Data modeling and machine learning are an important part of the research we do at Aspect. We were therefore delighted to welcome a cohort of students into the world of algorithmic trading for a 2022 machine learning challenge in collaboration with the Oxford Strategy Group Digital (OSGD), an Oxford-based machine learning consulting society run by students. The OSGD x Aspect Capital Quant ML Challenge was Aspect’s second event run in collaboration with a student organization, following the success of the 2021 Algothon run in partnership with the Imperial Algorithmic Trading Society.
The OSGD x Aspect Capital Quant ML Challenge was hosted as a Kaggle community contest. Kaggle is a popular platform in the data science community and allowed excellent collaboration between the teams who entered and those reviewing submissions.

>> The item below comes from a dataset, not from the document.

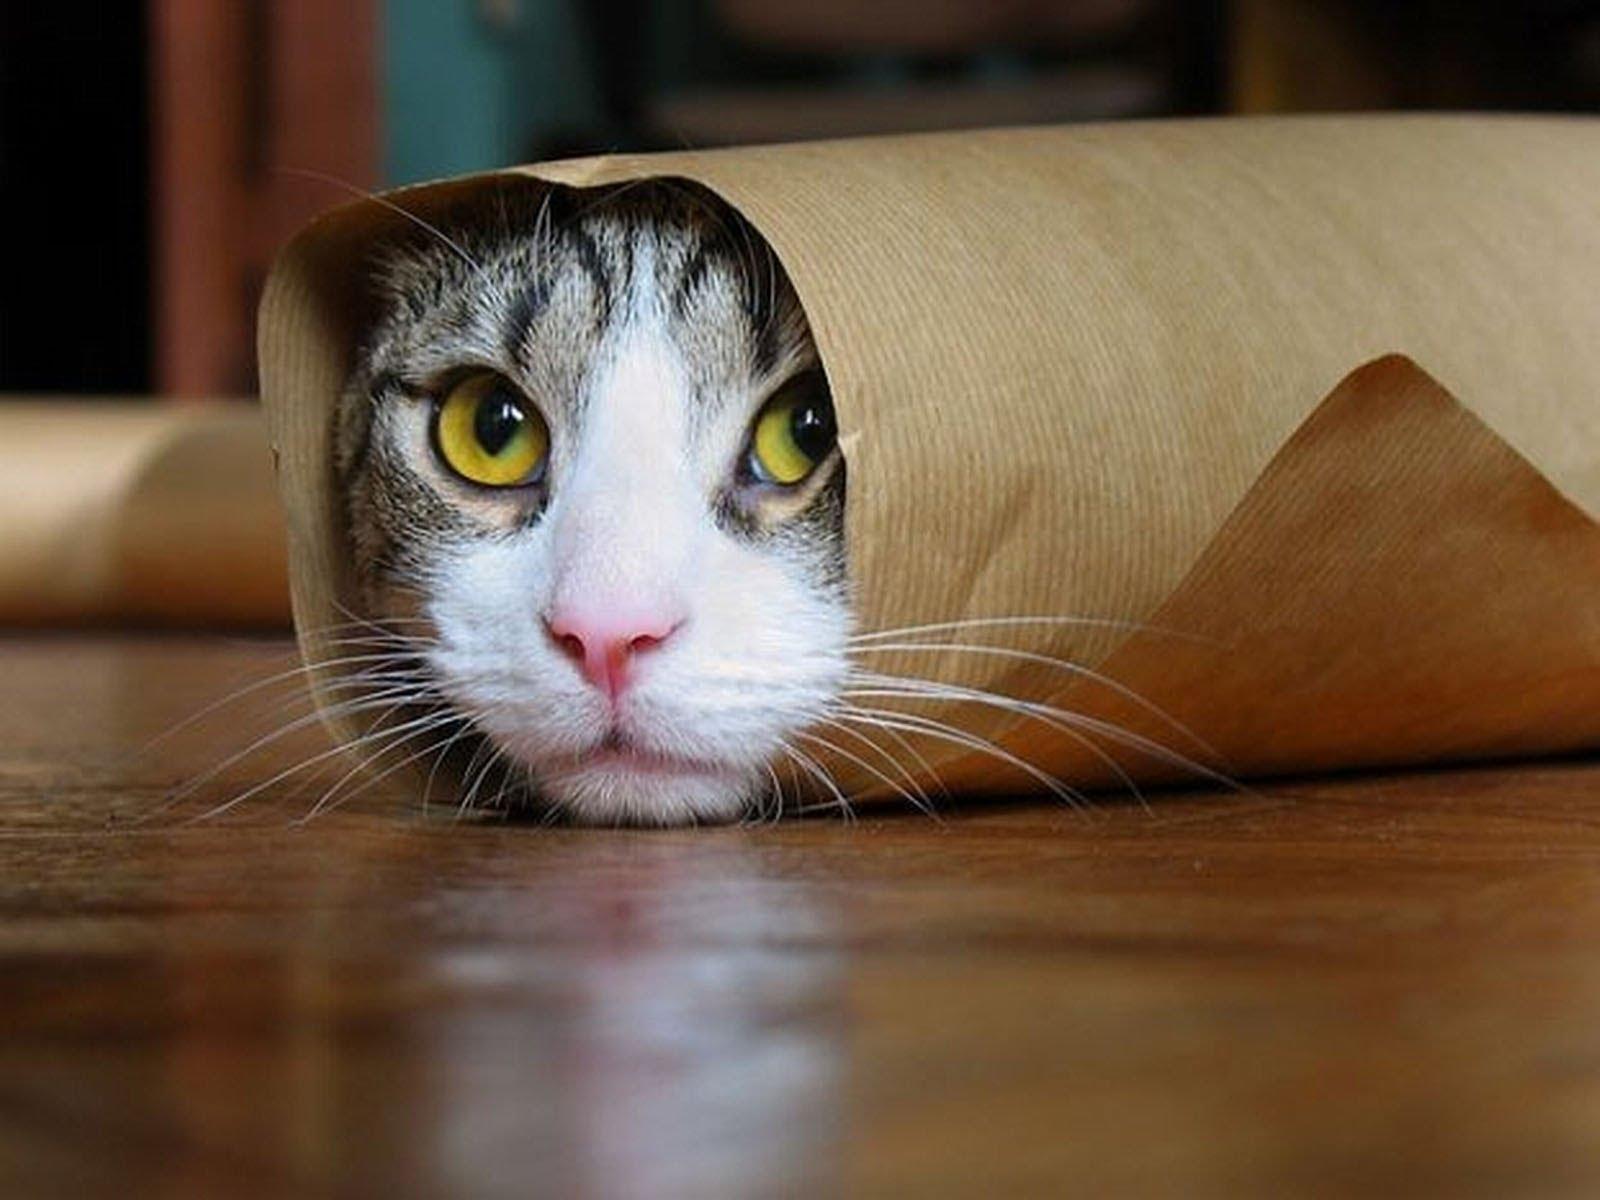 013-that-s-one-greedy-kitty-2554895.jpg

Aiming to give contestants an insight into the world of algorithmic trading, we wanted to set a problem that was both challenging and realistic. We settled on the challenge of forecasting the overnight performance of a selection of liquid futures contracts. Contestants would need to try to understand how trading activity during the daytime relates to subsequent activity during the night-time session, and in particular which assets experience shifting dynamics as trading volume moves around the globe.
Contestants were then assessed on their ability to predict the overnight Sharpe ratio of an asset. Over the month that the contest was active, the top spot on the leaderboard changed hands many times due to the quality of the submissions produced and refined during the contest. The top three teams at the end of the event were then invited to present their work to a panel of judges, led by Darius Horbrian, one of Aspect’s Researchers, and a number of machine learning experts and quantitative researchers from his team.
Many congratulations to the winning teams, Chris C and ZQZ, who placed first and second respectively.
Approaches to the Challenge
To produce a top solution, teams needed to have a significant understanding of the data they were working with. Some assets trade globally, whereas others are predominantly traded in Europe. They needed to assess questions such as: How big are the correlations between assets and sectors? What is the biggest source of risk?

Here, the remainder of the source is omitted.